Collaborative learning has many benefits. People often prefer to learn from other team members rather than more official channels. Promoting a collaborative learning approach reduces the chance of limiting learning opportunities. Combining effective communication channels with skill sharing gives every employee the chance to say what they have to offer, what they need to learn, and how to learn it.

Promote skill sharing in the workplace by conducting:

  • Peer-led seminars, courses, and skills workshops
  • Peer-to-peer training
  • Peer feedback opportunities

3. Maximize Engagement to Strengthen Relationships

To build a strong workplace community, organizations should actively encourage their employees to talk to each other about topics other than work. A strong team doesn’t just share the minimum amount of work-related information, they chat, and they don’t feel guilty about it.

As their relationships deepen, bonds are created, and this increases a desire to perform well for one another. Enthusiastic employees are excited to be a part of the organization and this increases productivity levels and builds an engaged community.

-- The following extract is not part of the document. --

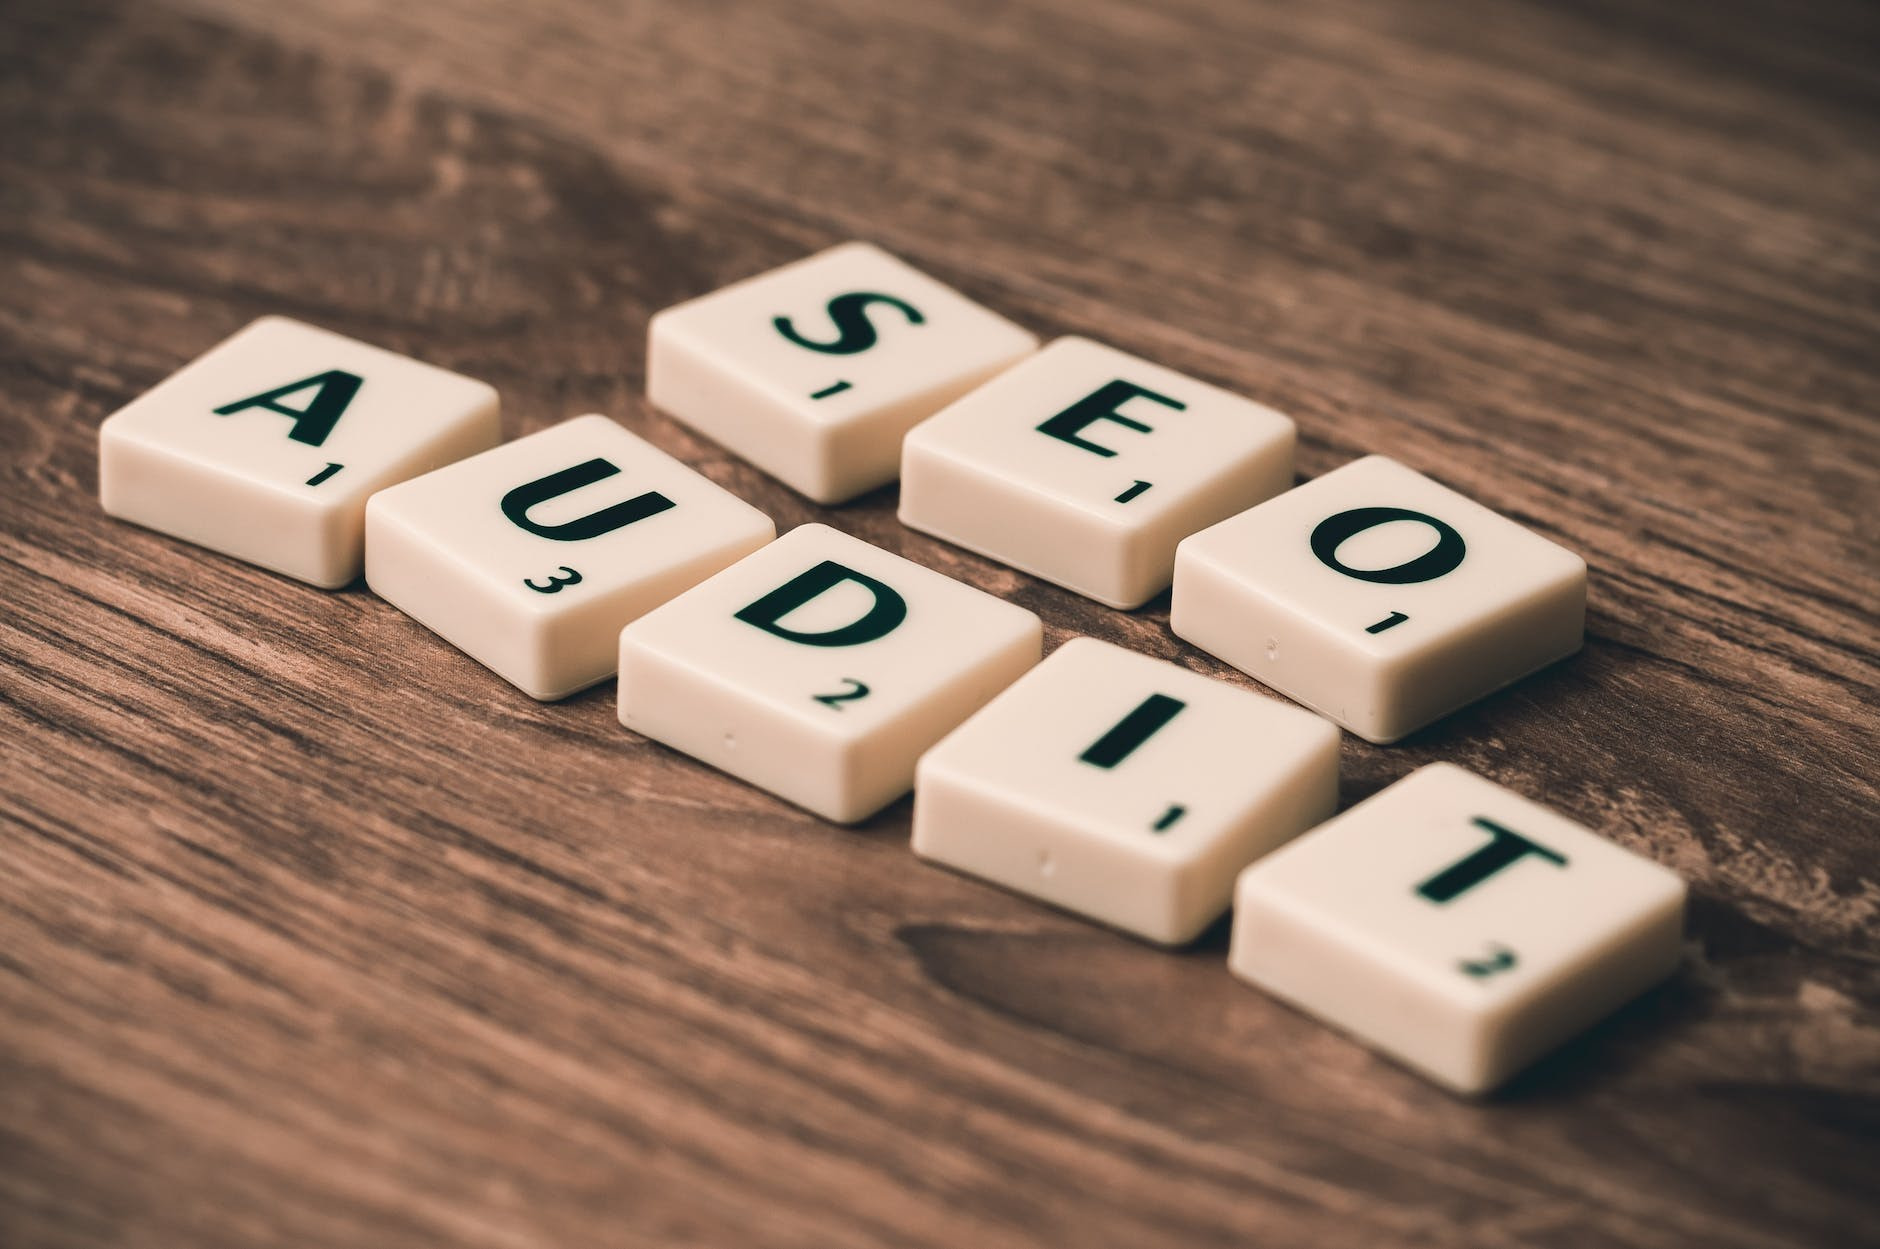 learn seo in nigeria: audit white blocks on brown wooden surface

To maximize engagement certain activities can connect employees. These can be done remotely or in-person and should develop conversations that avoid anything to do with work. These can be separated into specific topics such as hobbies or sports depending on the size of the organization and the interests of the team members.

4. Facilitate Team Activities Outside of the Workplace

A good way for organizations to build community in the workplace is to facilitate opportunities for employees to spend time together outside of work hours. Many companies organize official team-building exercises, and while these events can be positive, these types of activities don’t appeal to everyone. For some, they can even be stressful experiences, involving exercises that cause feelings of failure and exclusion. This can be counterproductive and ineffective in building community.

The size of a team and its location will determine the most practical way to encourage employees to socialize. If employees are already communicating about their shared interests it is good to ask questions so you can plan more appropriate group activities that are inclusive to all. When people see that the organization and their fellow team members care about their happiness, especially outside of work hours, they respond positively.